BEGIN
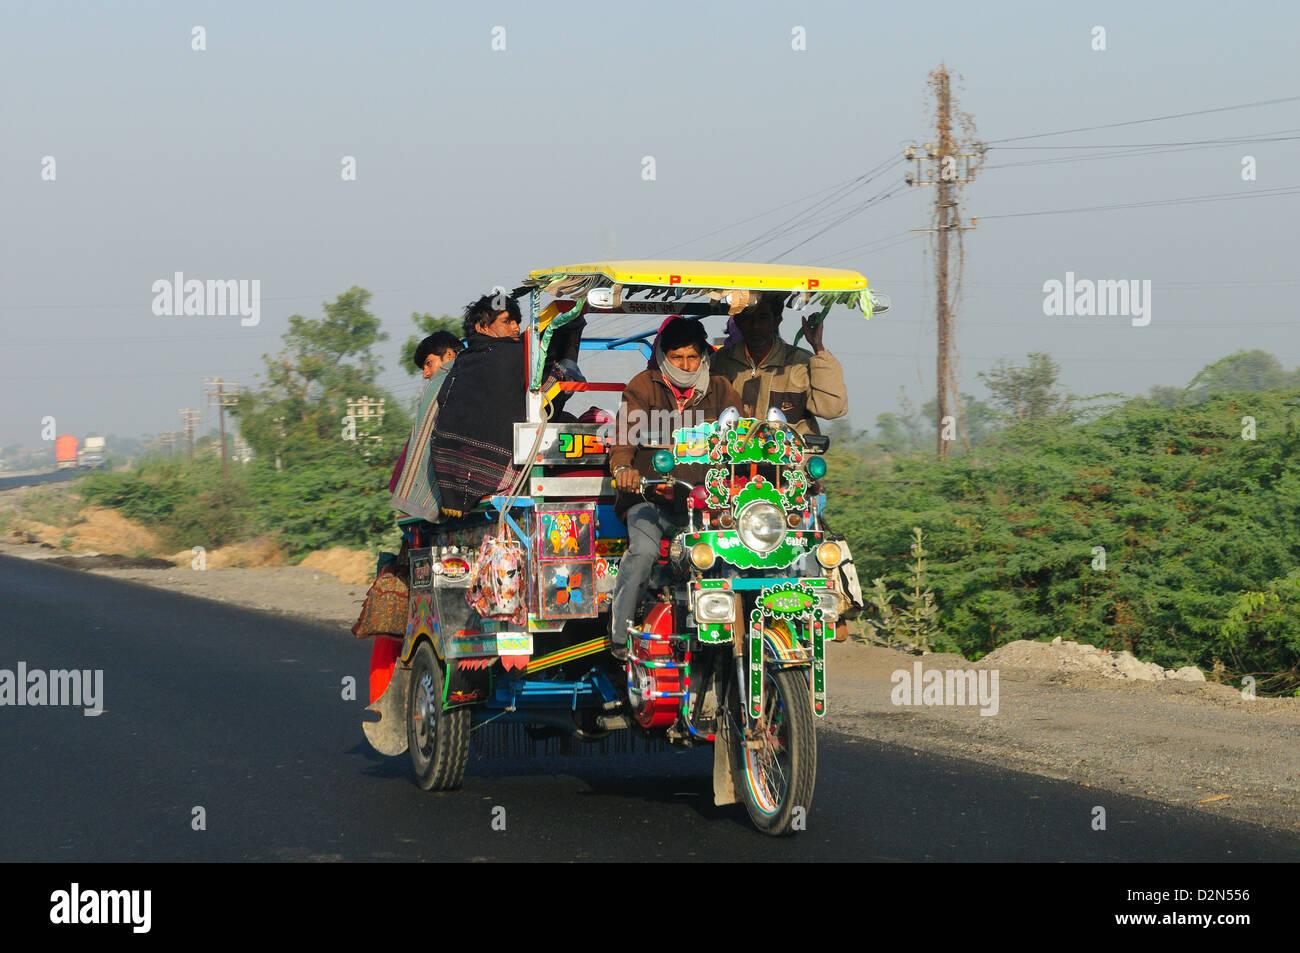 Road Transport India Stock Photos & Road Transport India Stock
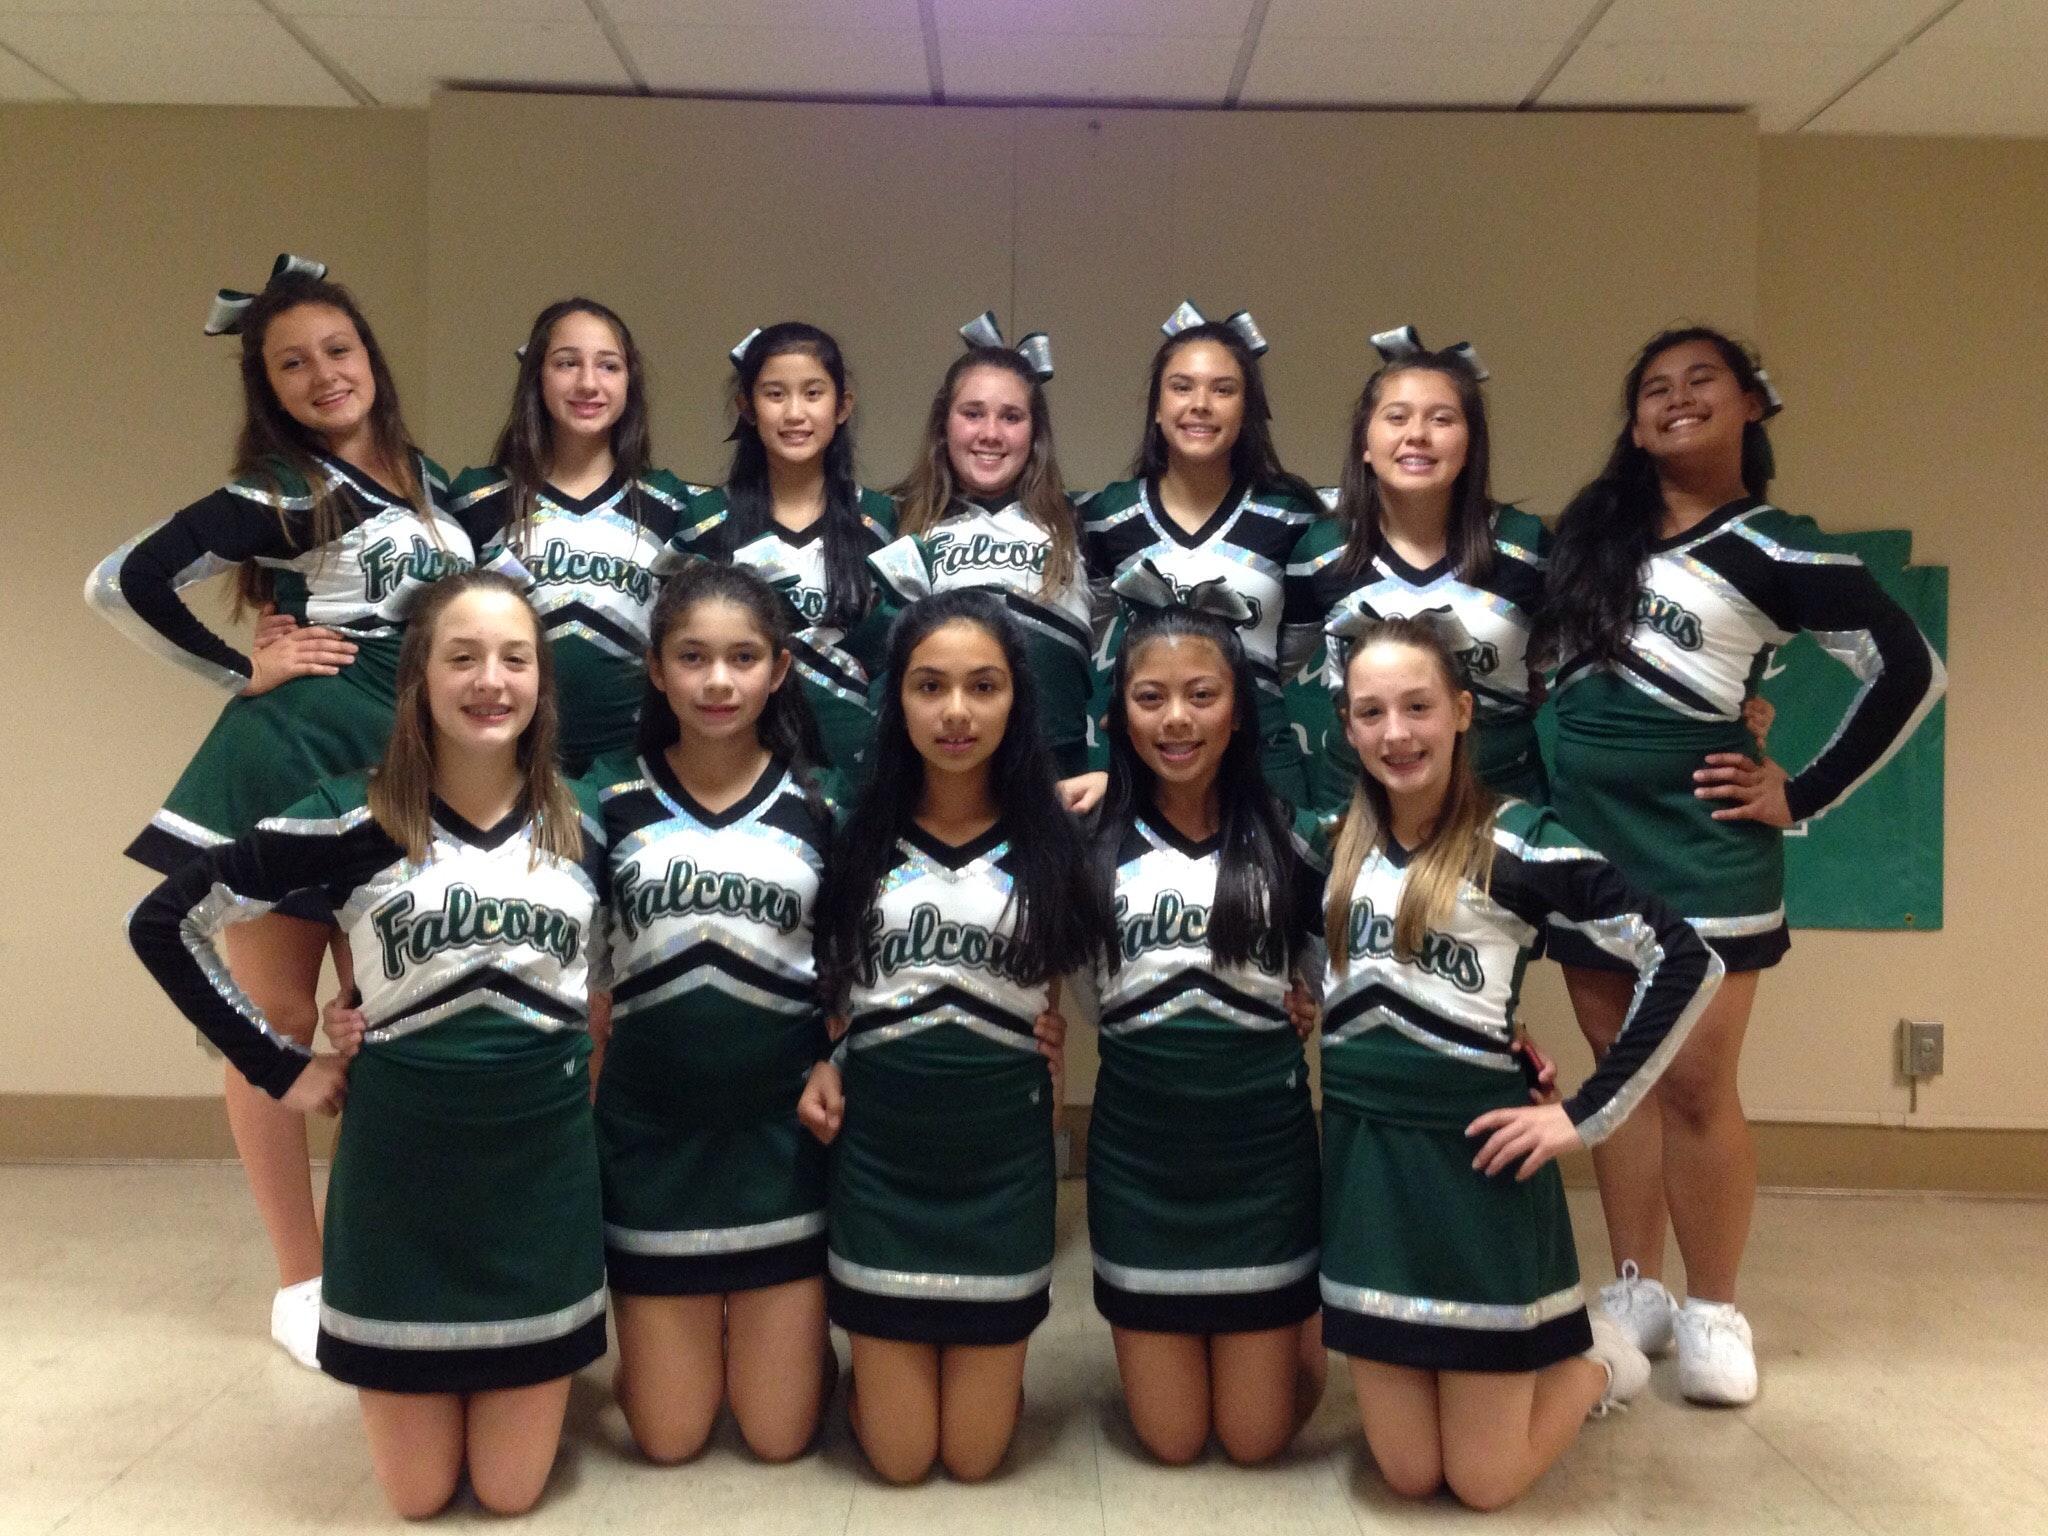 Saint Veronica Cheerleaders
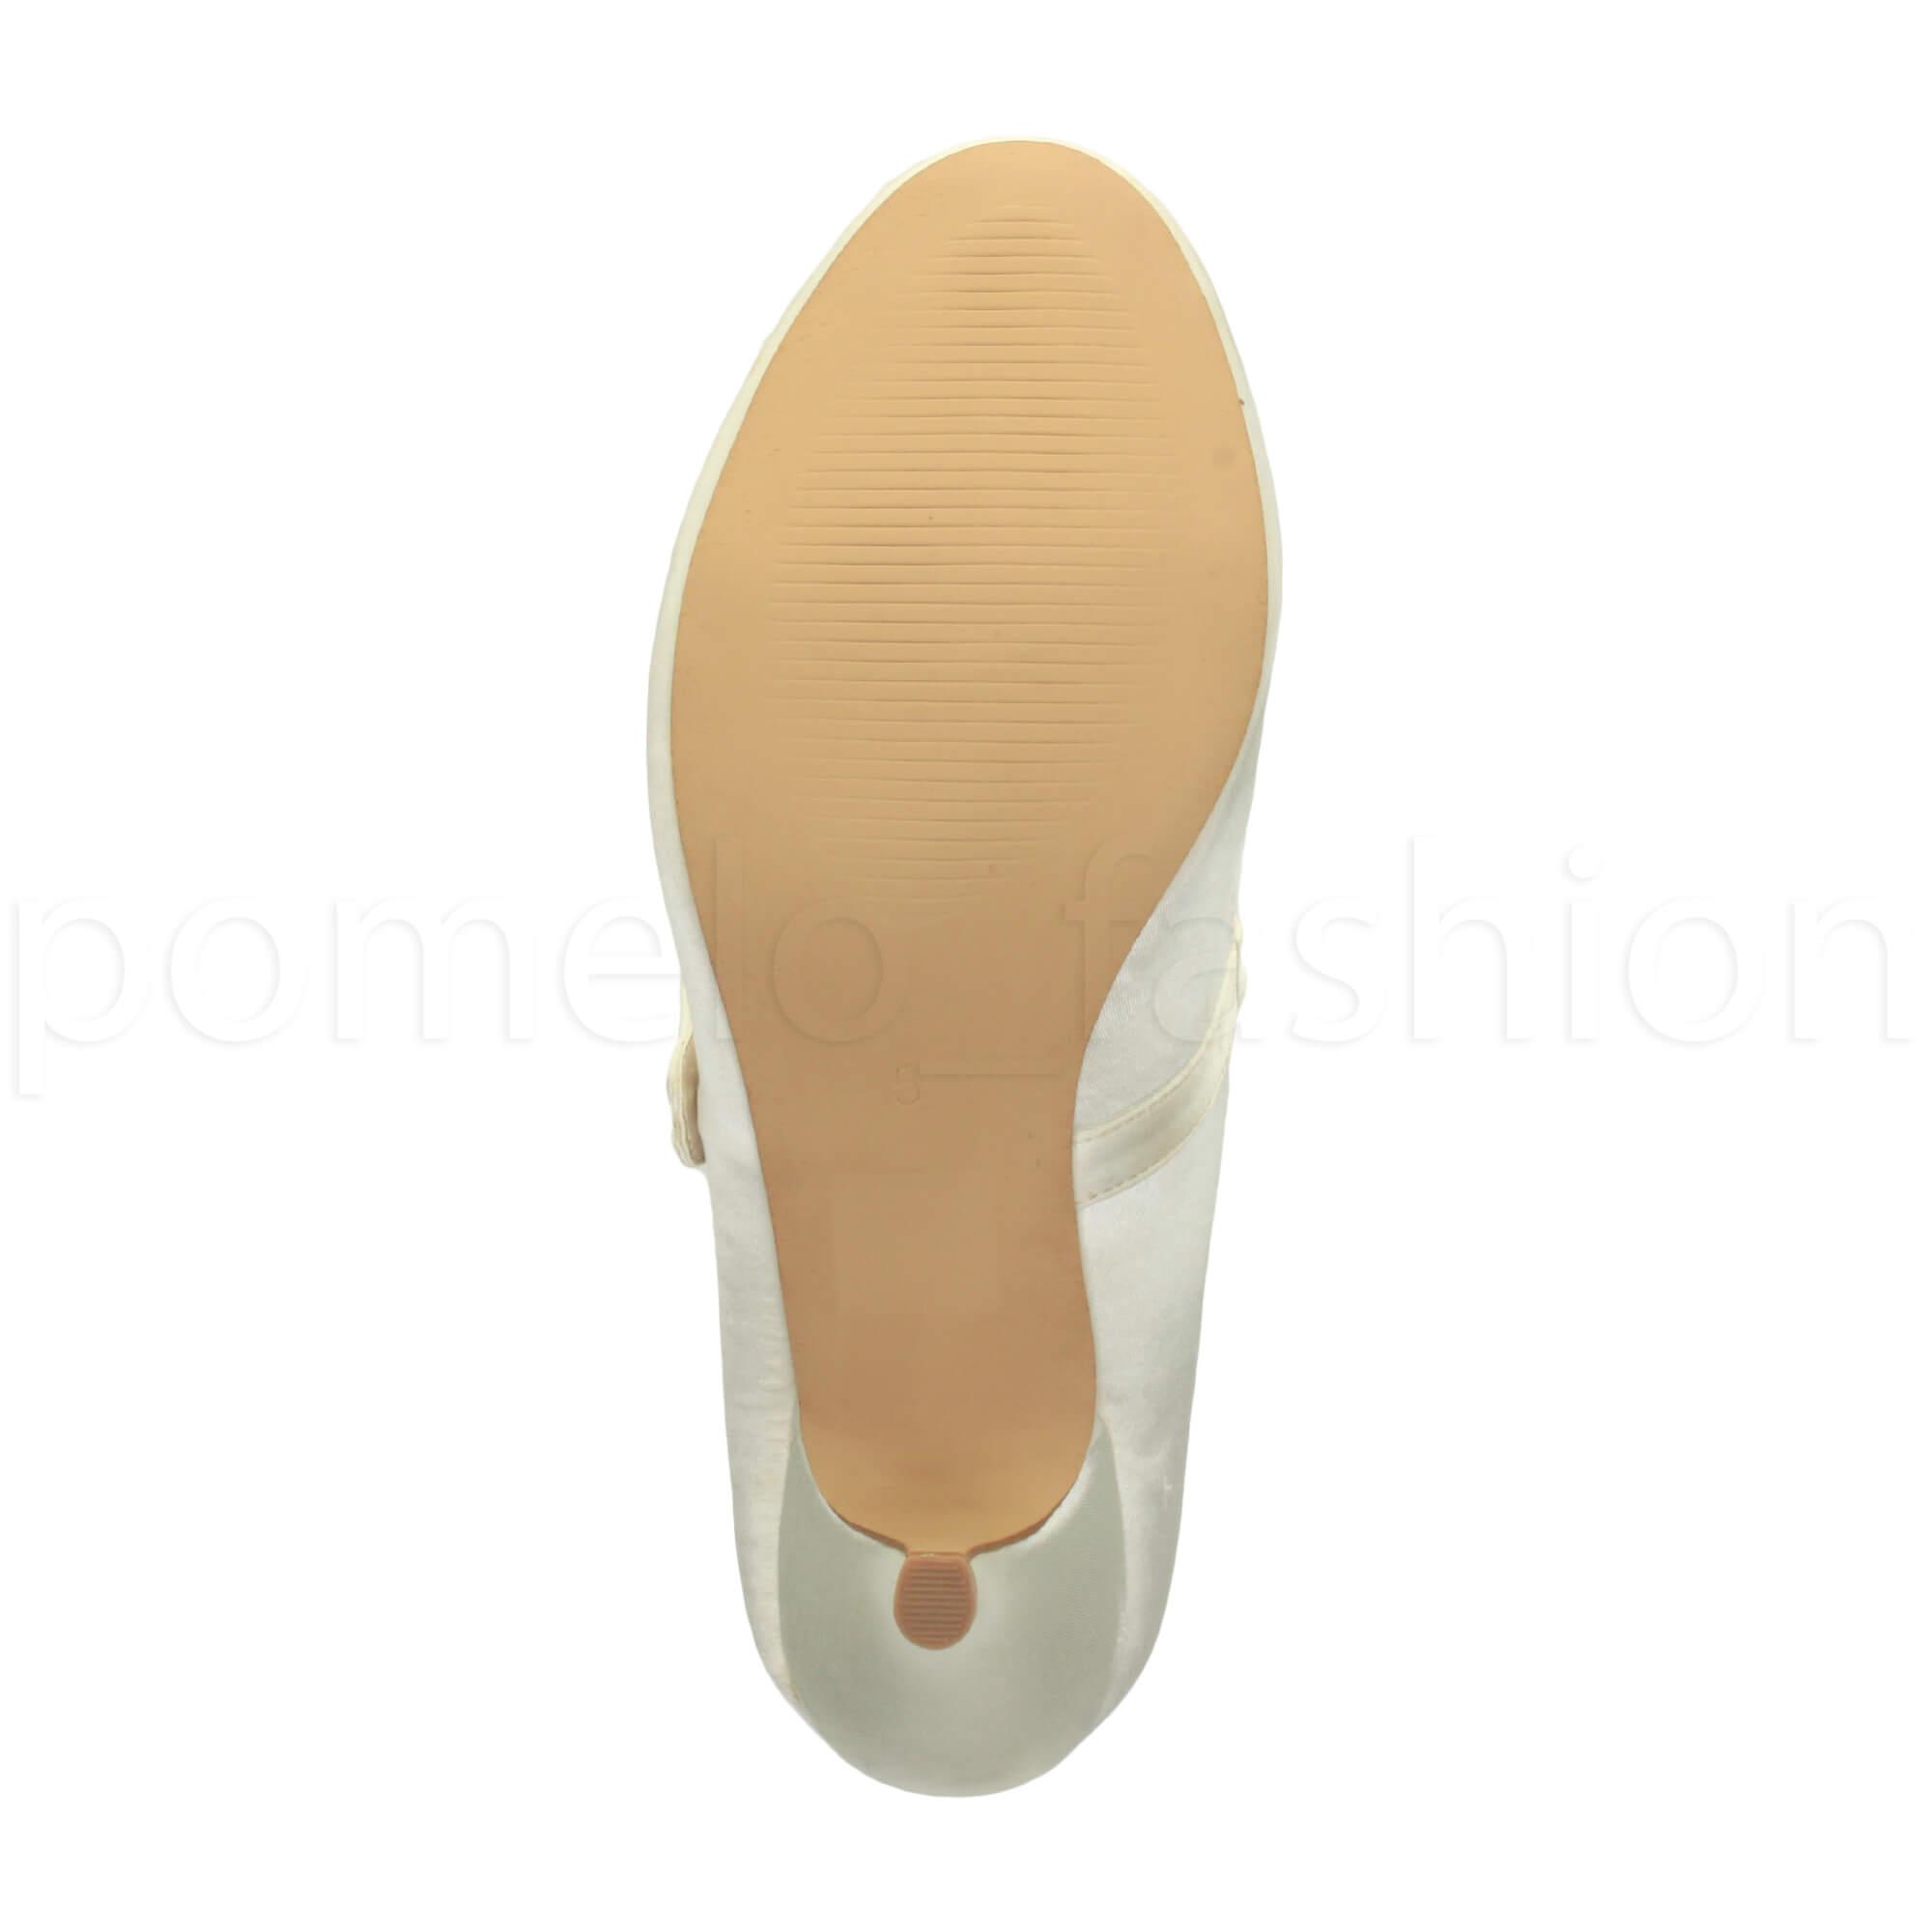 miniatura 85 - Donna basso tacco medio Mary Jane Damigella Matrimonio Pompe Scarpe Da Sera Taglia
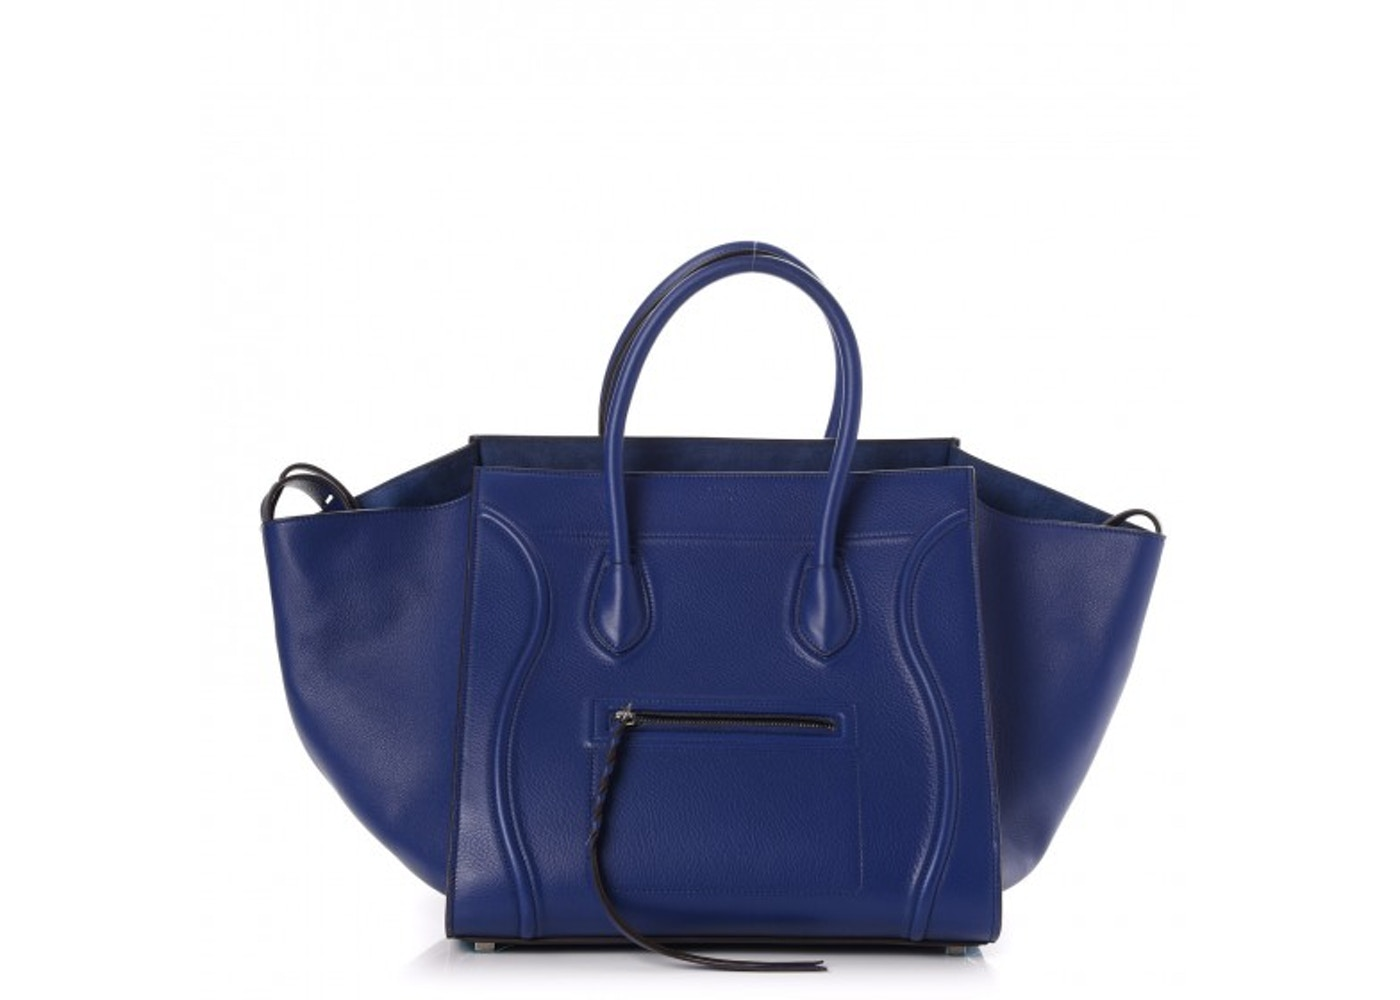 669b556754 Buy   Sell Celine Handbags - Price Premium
END
WHAT IS REQUIRED:
Reproduce, word for word, the lines from the one containing "miniatura 85 - Donna" to the end of the material, both ends included. No picture is copied.

TASK OUTPUT:
 miniatura 85 - Donna basso tacco medio Mary Jane Damigella Matrimonio Pompe Scarpe Da Sera Taglia
 669b556754 Buy   Sell Celine Handbags - Price Premium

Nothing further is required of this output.